What this topic is asking

The College Board (Topic 8.3) wants you to apply Newton's laws and Archimedes' principle to objects in fluids: the buoyant force $F_b = \rho V g$ , the float-versus-sink condition, and using $F_{net} = ma$ on a submerged object. This ties the pressure of Topic 8.2 to the force analysis of Unit 2.

The buoyant force and Archimedes' principle

The buoyant force is a direct consequence of the pressure-depth relation from Topic 8.2. Because pressure increases with depth, the fluid pushes up on the bottom face of an object with more force than it pushes down on the top face, and the net upward result is the buoyant force. Archimedes' principle packages this neatly: the upward force equals the weight of the displaced fluid, $\rho_{fluid} V g$ . Note that it is the fluid's density that appears, not the object's.

Applying Newton's second law in a fluid

This is where the fluids unit meets the dynamics of Unit 2. A fully submerged object experiences two vertical forces, weight and buoyancy, and Newton's second law settles the outcome. Factoring out $Vg$ shows that whether it sinks or rises depends only on which density is larger, which is why a steel cube sinks and a cork rises. The acceleration follows from $F_{net}/m$ , with $m = \rho_{object}V$ .

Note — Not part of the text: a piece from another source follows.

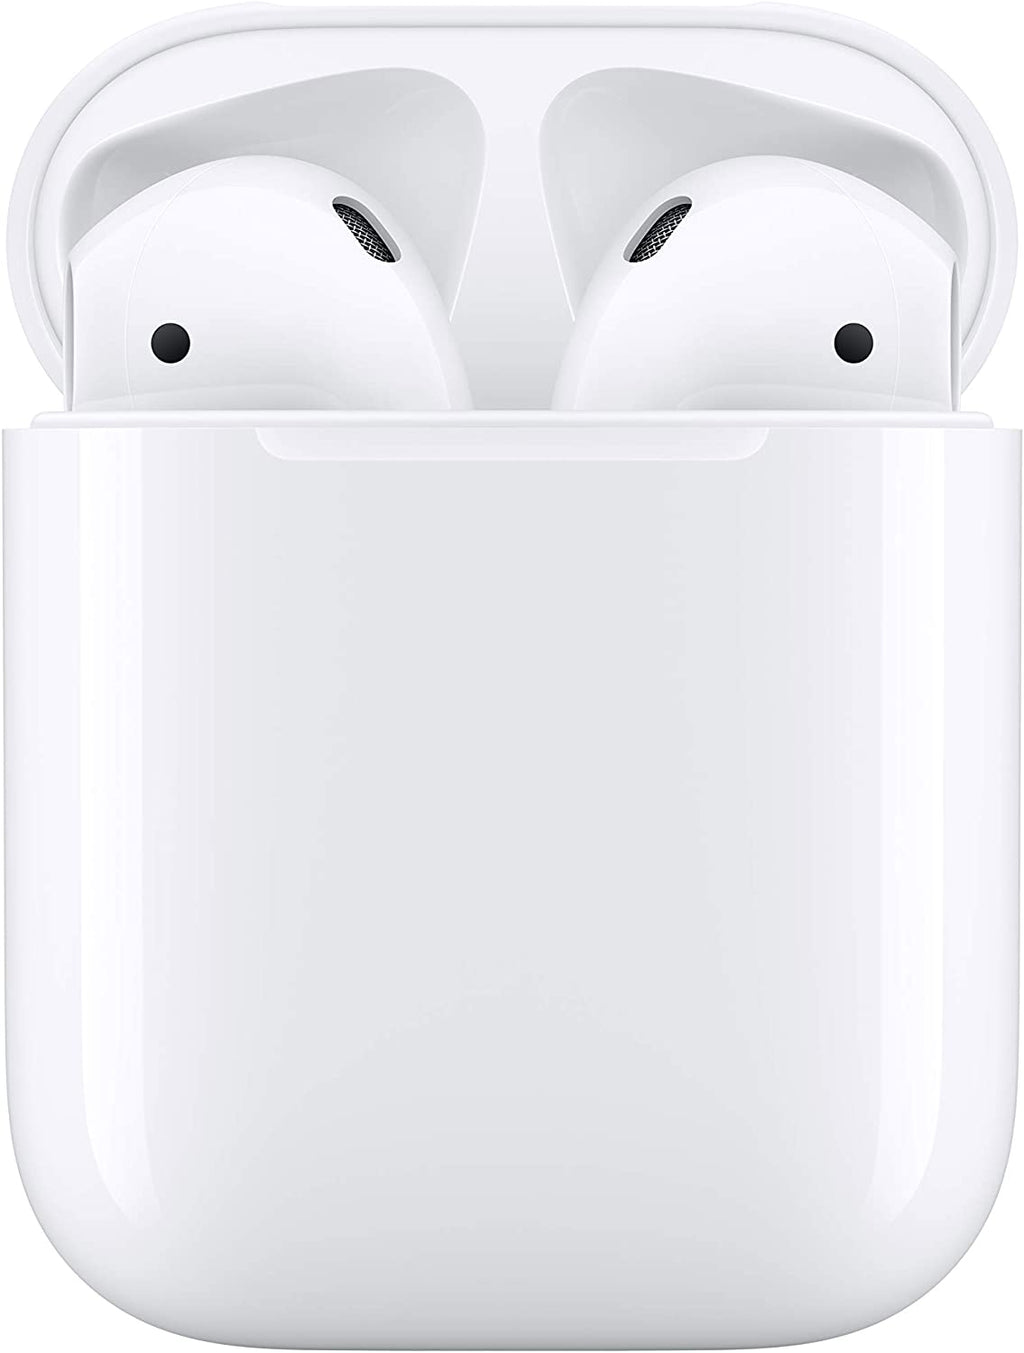 WM3 Apple AirPods w/Charging Case - Refurbished

Floating, sinking and apparent weight

When an object floats in equilibrium, Newton's first law requires the buoyant force to equal the weight, so it is no longer fully submerged: it sinks only until the displaced fluid's weight matches its own. Setting $\rho_{object} V g = \rho_{fluid} V_{sub} g$ gives the submerged fraction $\dfrac{V_{sub}}{V} = \dfrac{\rho_{object}}{\rho_{fluid}}$ . An iceberg ( $\rho \approx 920$ kg/m cubed) floating in seawater ( $\rho \approx 1025$ kg/m cubed) sits with about $90\%$ of its volume below the surface, the classic illustration. For a fully submerged object held by a string or scale, the apparent weight is the true weight minus the buoyant force, which is why objects feel lighter underwater. The strategic insight running through the topic is that buoyancy is not a new fundamental force but a consequence of pressure increasing with depth, and that every fluids force problem reduces to a familiar free-body diagram with weight and buoyancy, solved by Newton's laws exactly as in Unit 2. Recognizing that density comparison decides floating, and that the displaced-fluid weight gives the buoyant force, connects Topics 8.1, 8.2 and 8.3 into a single coherent method.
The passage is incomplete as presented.